Activity has picked up in the asset-backed commercial paper market in recent weeks - with a few large deals closing - though outstandings, as measured by Federal Reserve, still show flat to declining ABCP.

A fair amount of the activity in the conduit world has been restructuring and/or transferring assets from conduit to conduit. It seems that collateral from CIBC's ABCP vehicles is moving around the market. Last week, IFR Markets reported that RBS Greenwich had acquired the some-odd $1.5 billion portfolio of CDOs from CIBC's SPARCs, funding about 75% of it through Royal Bank of Scotland's Thames Asset Global Securitization (TAGS).
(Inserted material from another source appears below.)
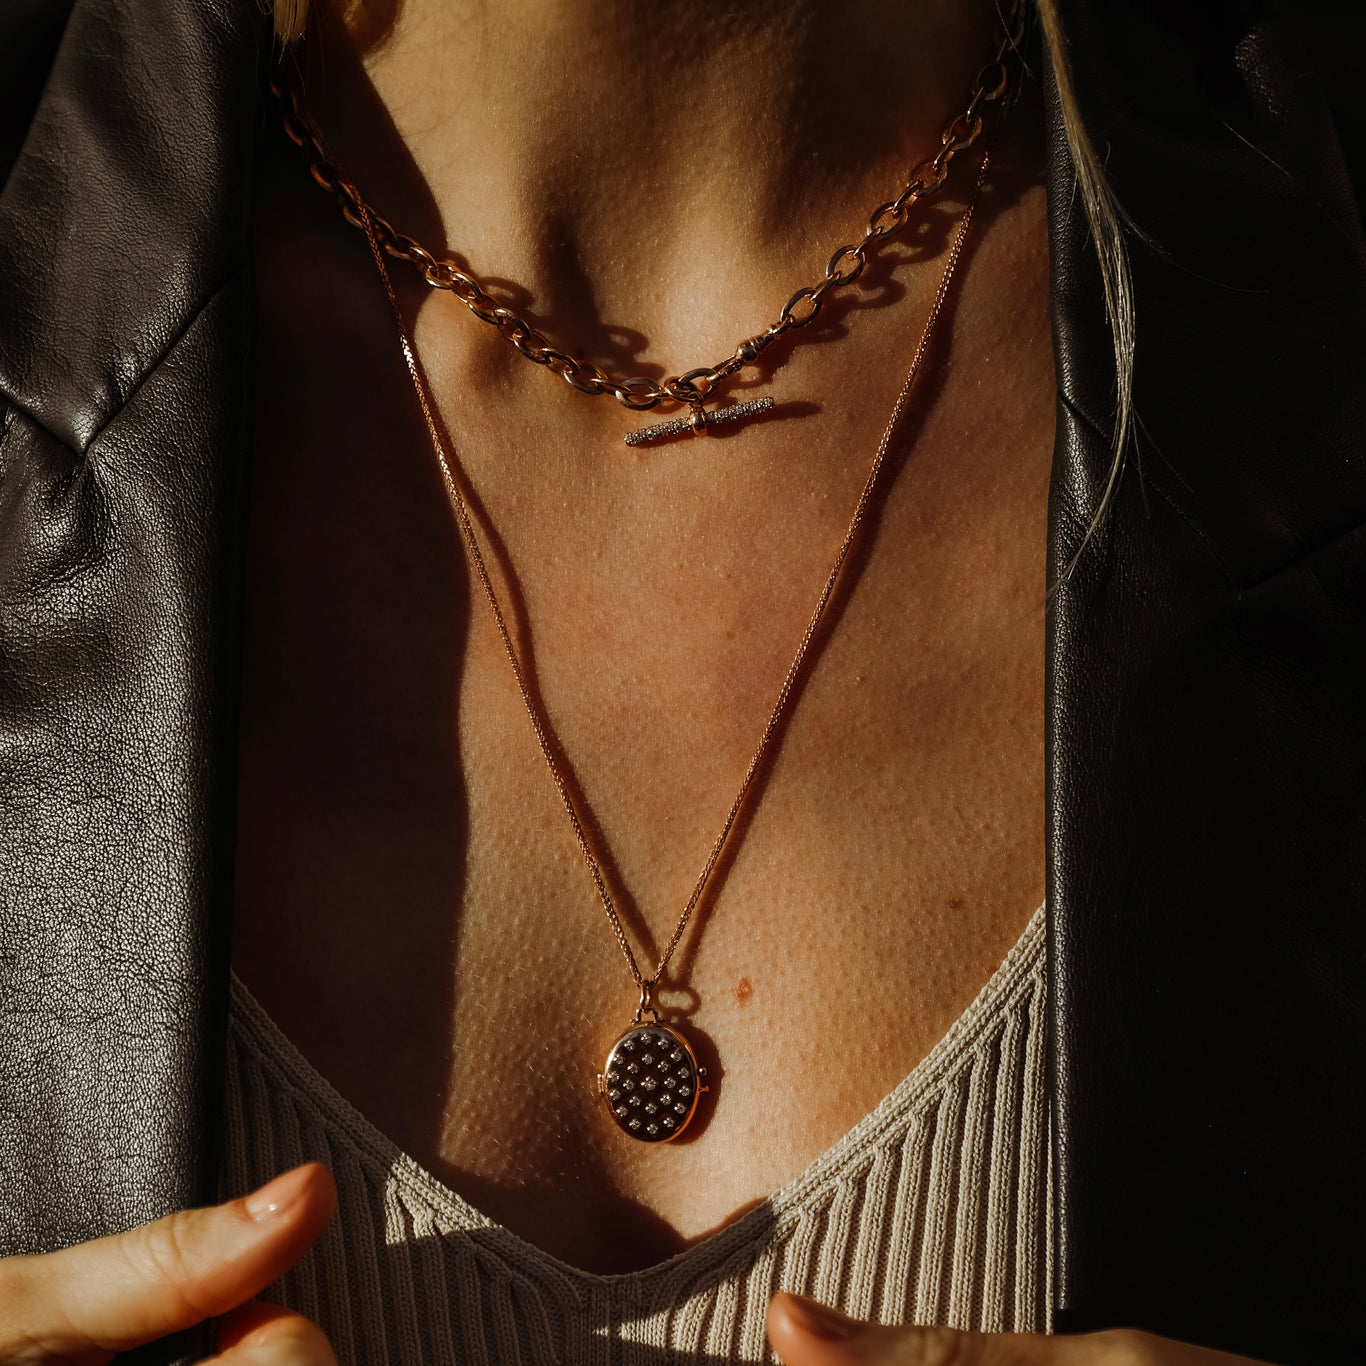 Etoile Locket shown with the Pantheon Necklace

All told, participants in the ABCP market note that utilization rates are down. By the Fed's count last Wednesday, outstanding U.S. ABCP was at $708 billion, down slightly from $714.9 billion the prior week. Similar to last year, new conduits in the pipeline are mostly mortgage-related, said Deborah Seife, of the ABCP group at Fitch Ratings.

As for new transactions, in its weekly roundups, Moody's Investors Service detailed a $525 million addition of franchise loans placed jointly with Societe Generale's Barton Capital and CDC Financial's Eiffel Funding. Also of note, several conduits participated in a $5 billion student loan club deal, backed both by loans and student loan ABS.